====== Provided material ======

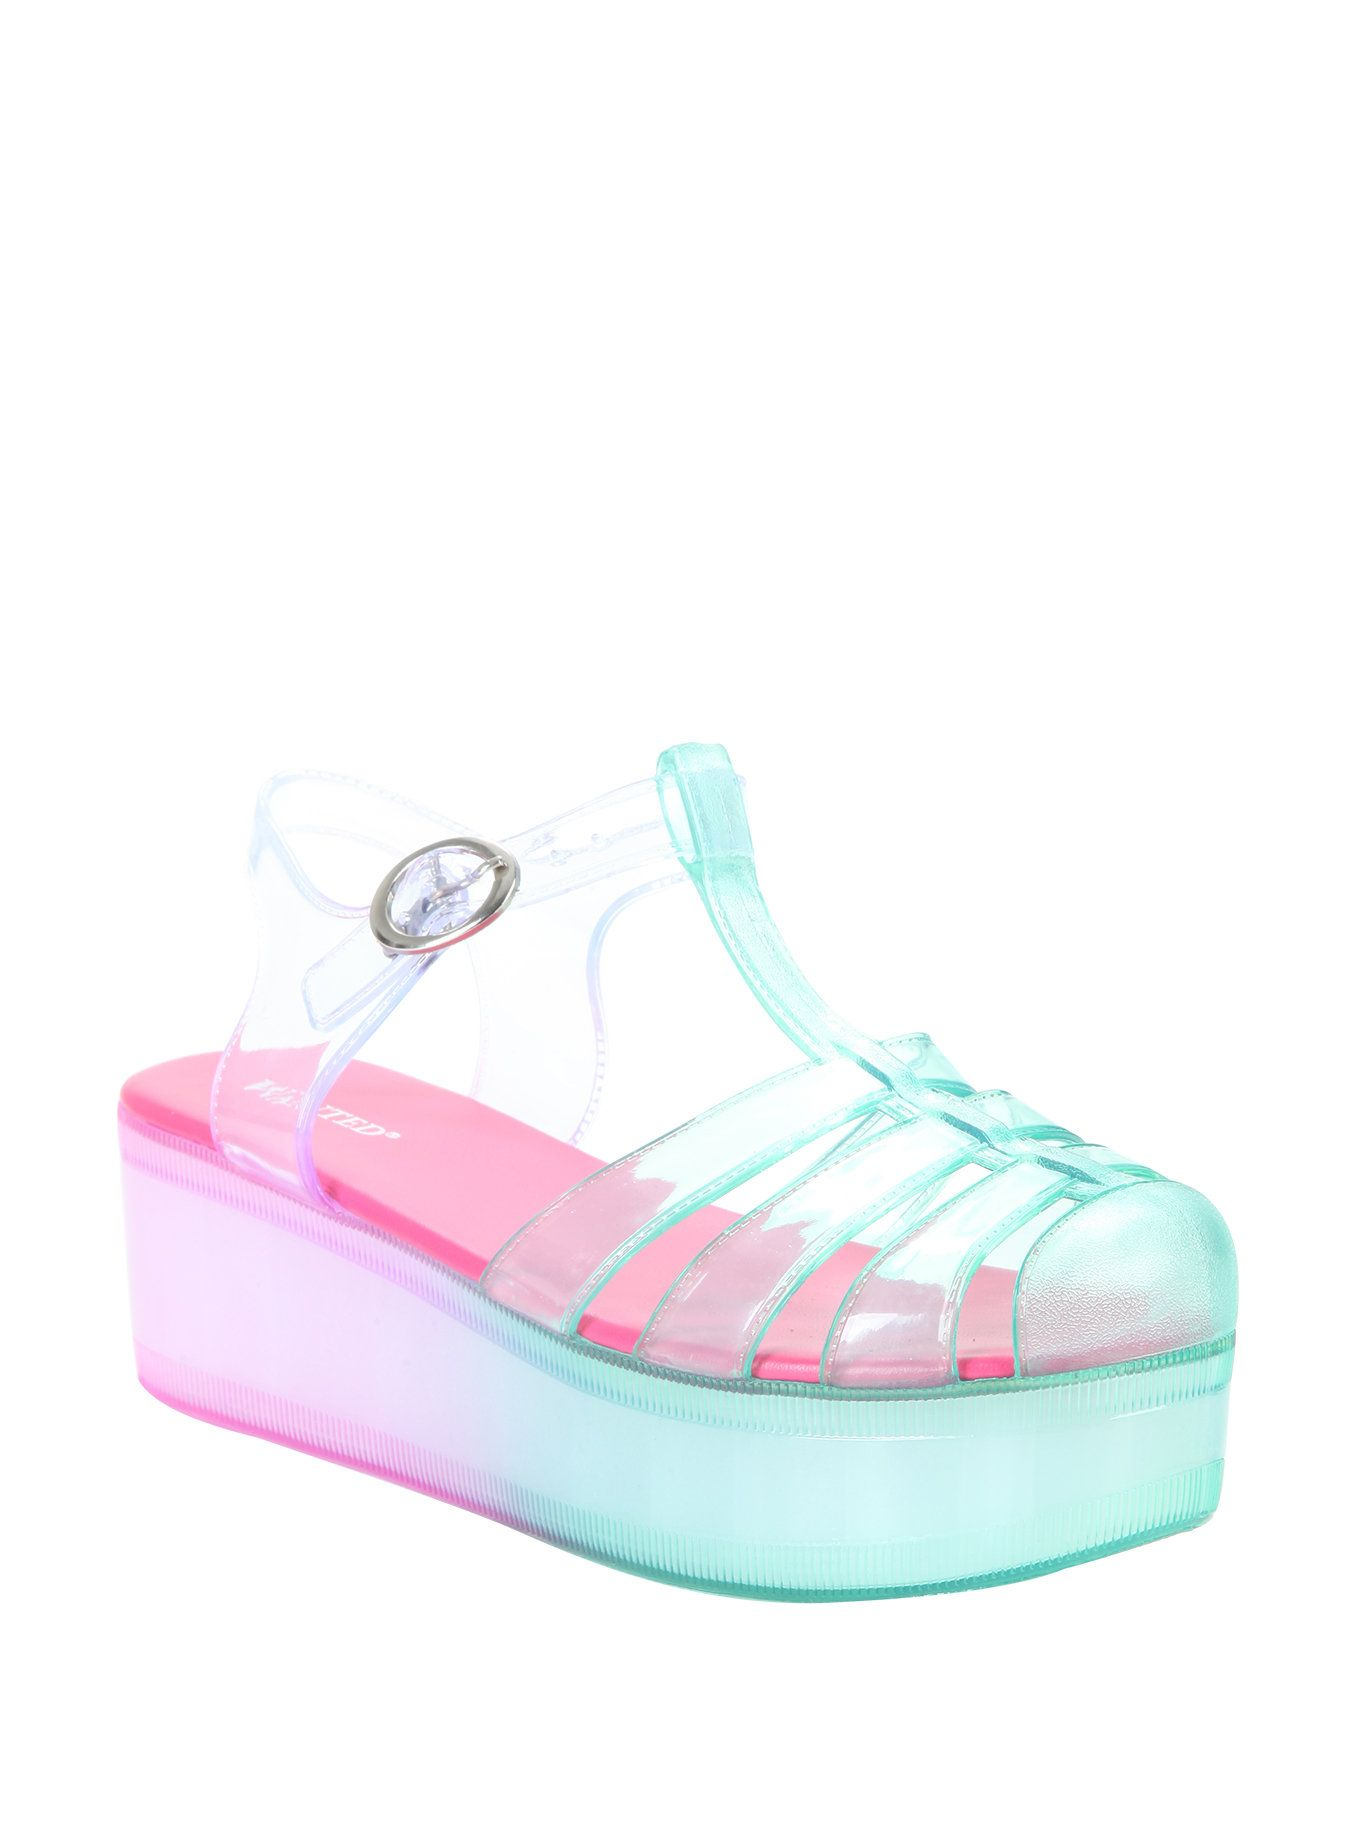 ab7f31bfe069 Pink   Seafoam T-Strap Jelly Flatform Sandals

======
====== Provided material ======

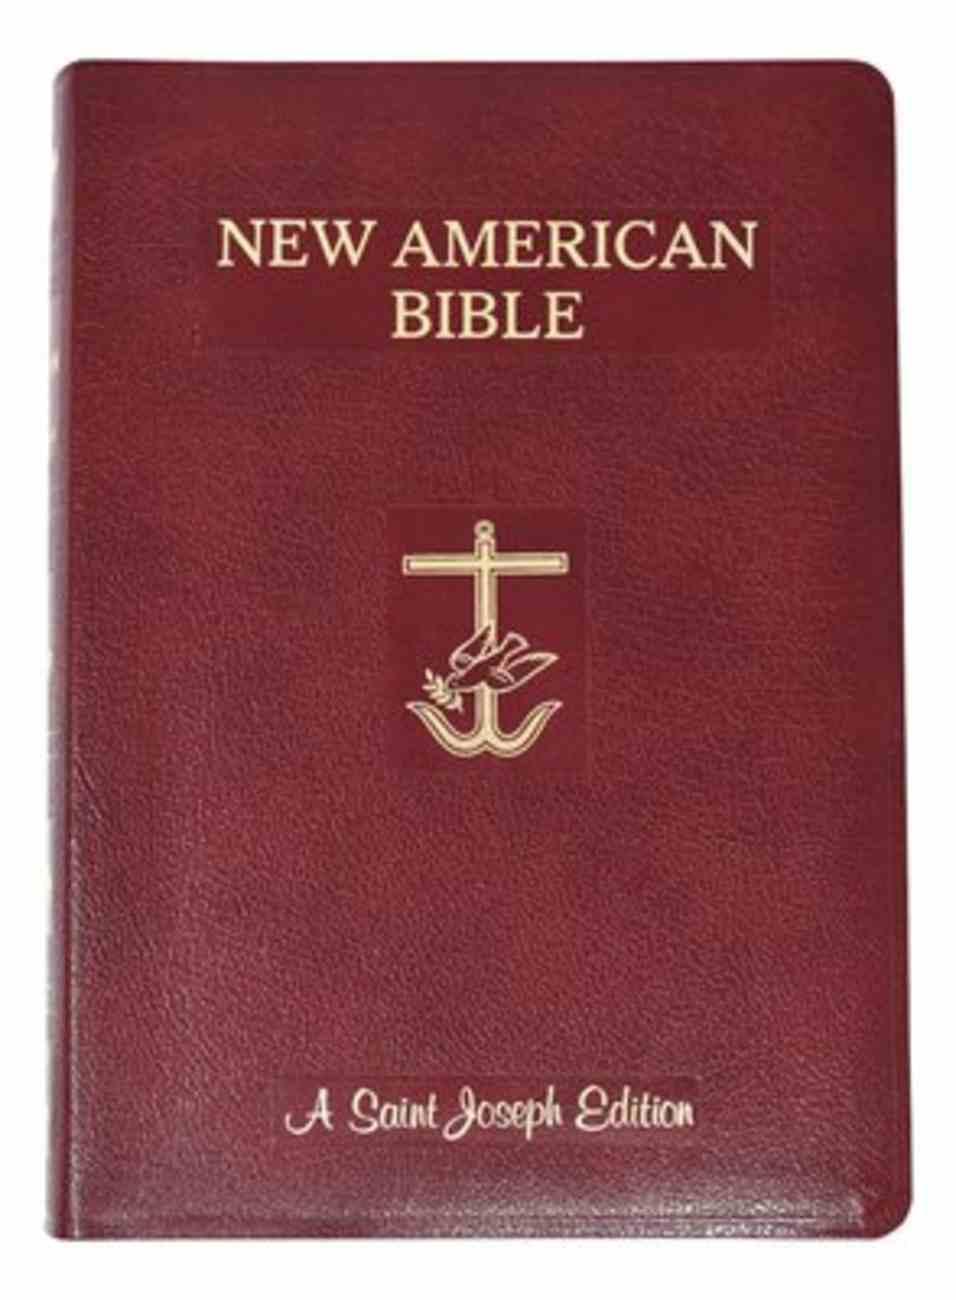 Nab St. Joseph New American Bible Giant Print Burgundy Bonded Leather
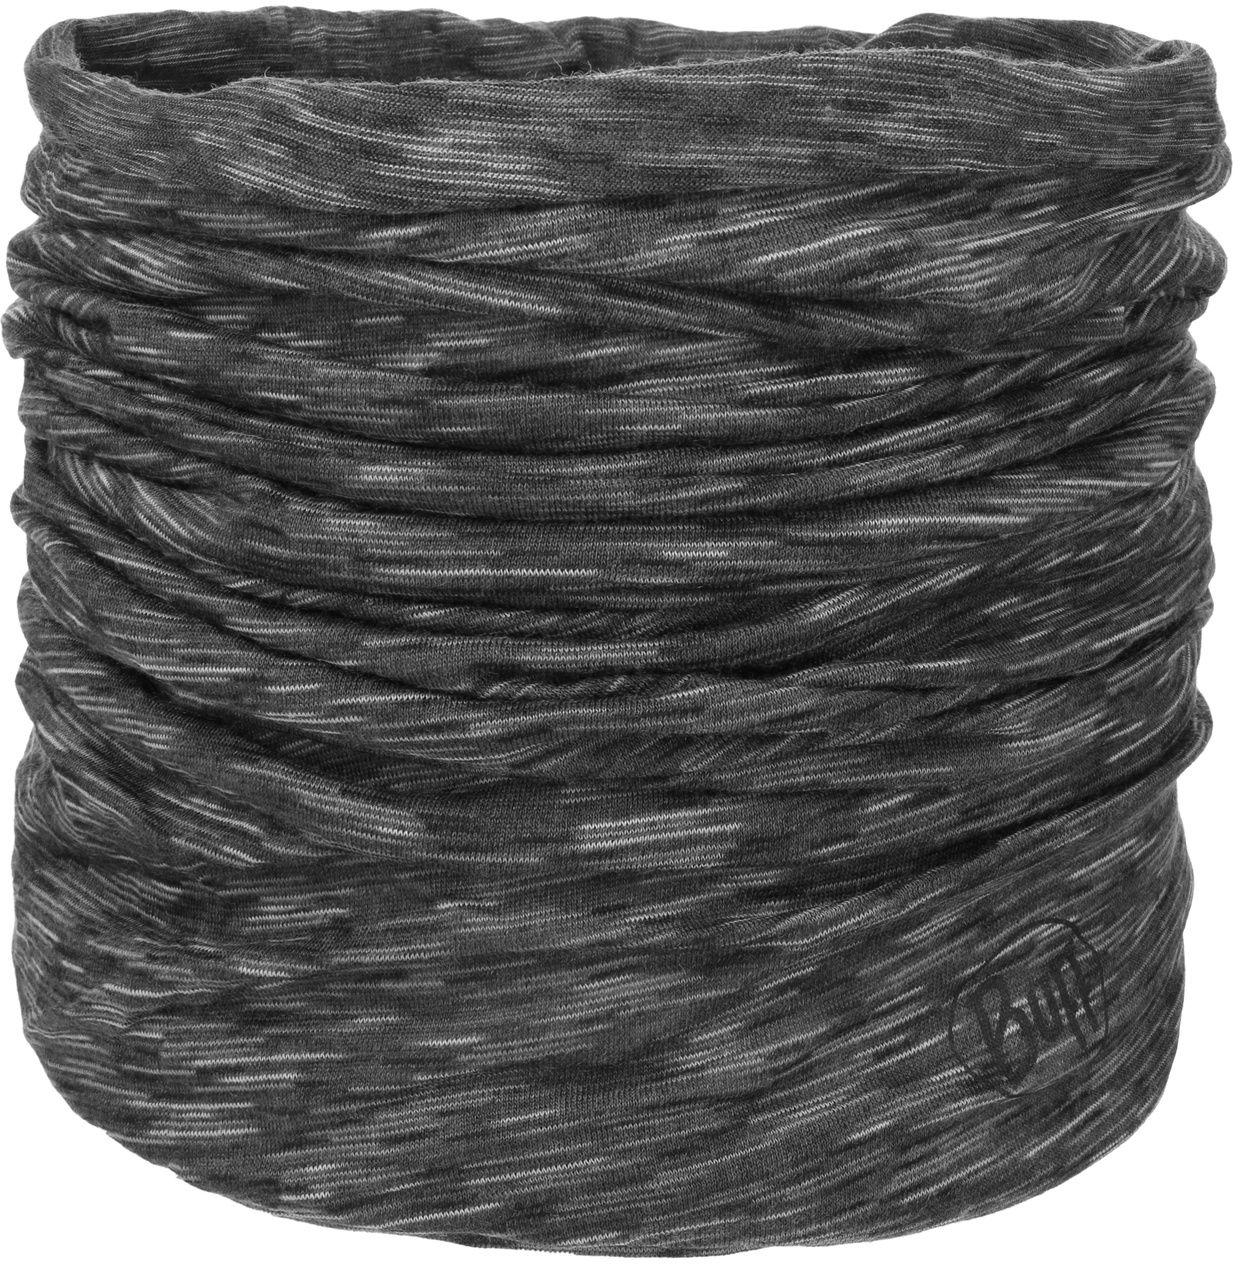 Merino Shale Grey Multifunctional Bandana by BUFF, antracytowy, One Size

======

Your instructions »
Although pictures appear among the records above, none are to be output; print exactly the lines from the line containing "Nab St. Joseph" through the line containing "Merino Shale Grey".

Result of the exercise »
 Nab St. Joseph New American Bible Giant Print Burgundy Bonded Leather
 Merino Shale Grey Multifunctional Bandana by BUFF, antracytowy, One Size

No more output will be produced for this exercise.